The chemical irritants police sometimes use “can cause permanent injuries, including blindness, glaucoma, or death from chemical burns to the throat and lungs or from respiratory failure,” the ordinance reads. The dangers of these tactics are recorded by the U.S. Centers for Disease Control and Prevention.

The original ordinance passed 8-6, with some councilors expressing worry that sending an ordinance to the mayor’s desk that directly involved police, without police support, could present problems.

Negotiating with police

State Rep. Russell Holmes, who worked on the Massachusetts police reform bill signed into law on Dec. 31, said that working with police on legislation is difficult at every level. As part of the Massachusetts Black and Latino Legislative Caucus, Holmes said the group’s regular meetings with officers were helpful in getting legislation passed.

“I think we made a great stride in having conversations that were hard conversations that we normally don’t have. And that’s what they need to do at the city level as well,” Holmes told the Banner.

In negotiating with unions, the officers are told they are heroes, he said, offering them a level of privilege.

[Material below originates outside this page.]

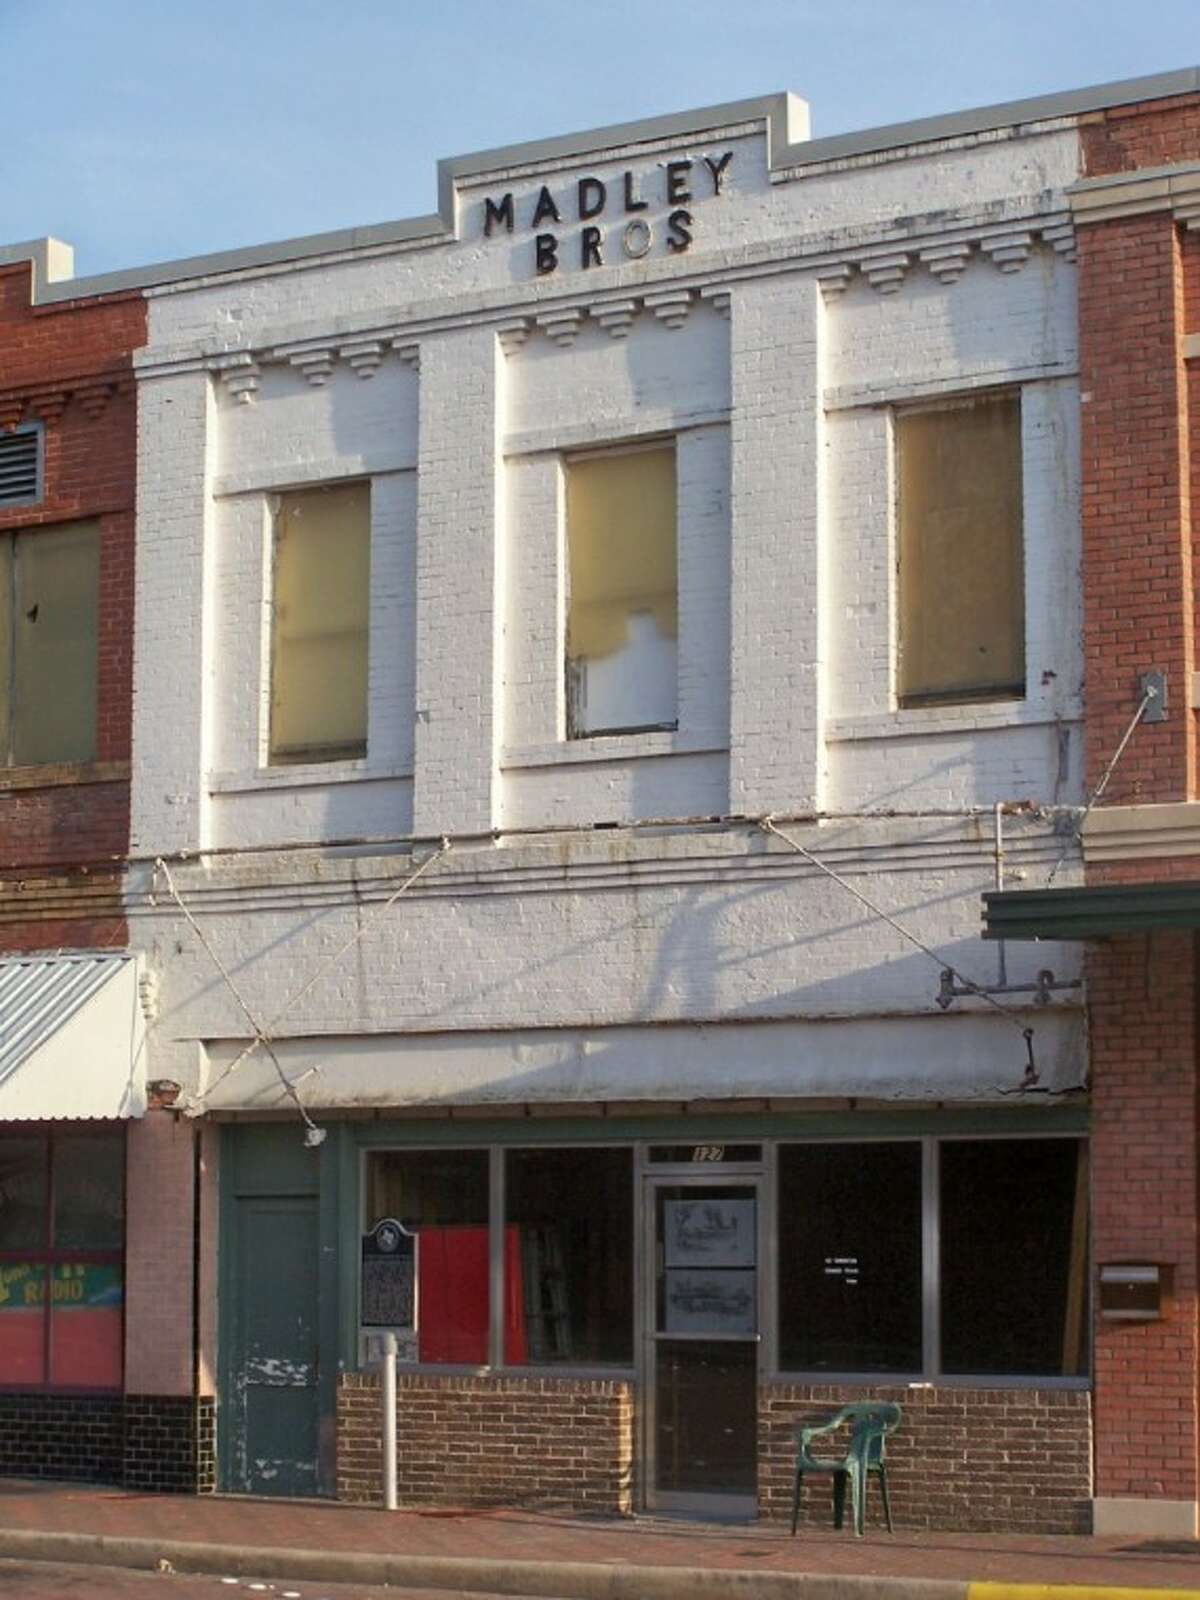 A photo of the Madeley Building prior to its renovation in 2010. The building housed many different businesses in its 100 years - including a meat market, dress shop, telephone exchange and others. Today it’s the home of the Conroe Art League’s Gallery at the Madeley Building. This photo was taken in 2006.

“They do still need to have some accountability. They still do need some oversight,” he said.

Holmes added that without regular conversations about oversight, police can react to legislative accountability with surprise.

Though Arroyo’s ordinance doesn’t institute a ban on all crowd control tactics, Edwards said police may still view it that way.

“It is literally just a warning system put in, and protocol for the use of kinetic weapons. This is not a ban, and I just wanted to remind people of that,” she said during the recent council meeting. “It seems so unnecessarily controversial, in as much as we’re asking our police officers to enshrine their protocol, and to allow people to have a warning.”

Each councilor who spoke focused on the adverse effects of the weapons rather than the politics surrounding police reform.

During the council’s meeting, Campbell thanked constituents who called and emailed about their personal experience with crowd control weapons.

“It really, at moments, was quite painful to listen to some of these stories, so I want to appreciate the residents who came forward,” she said.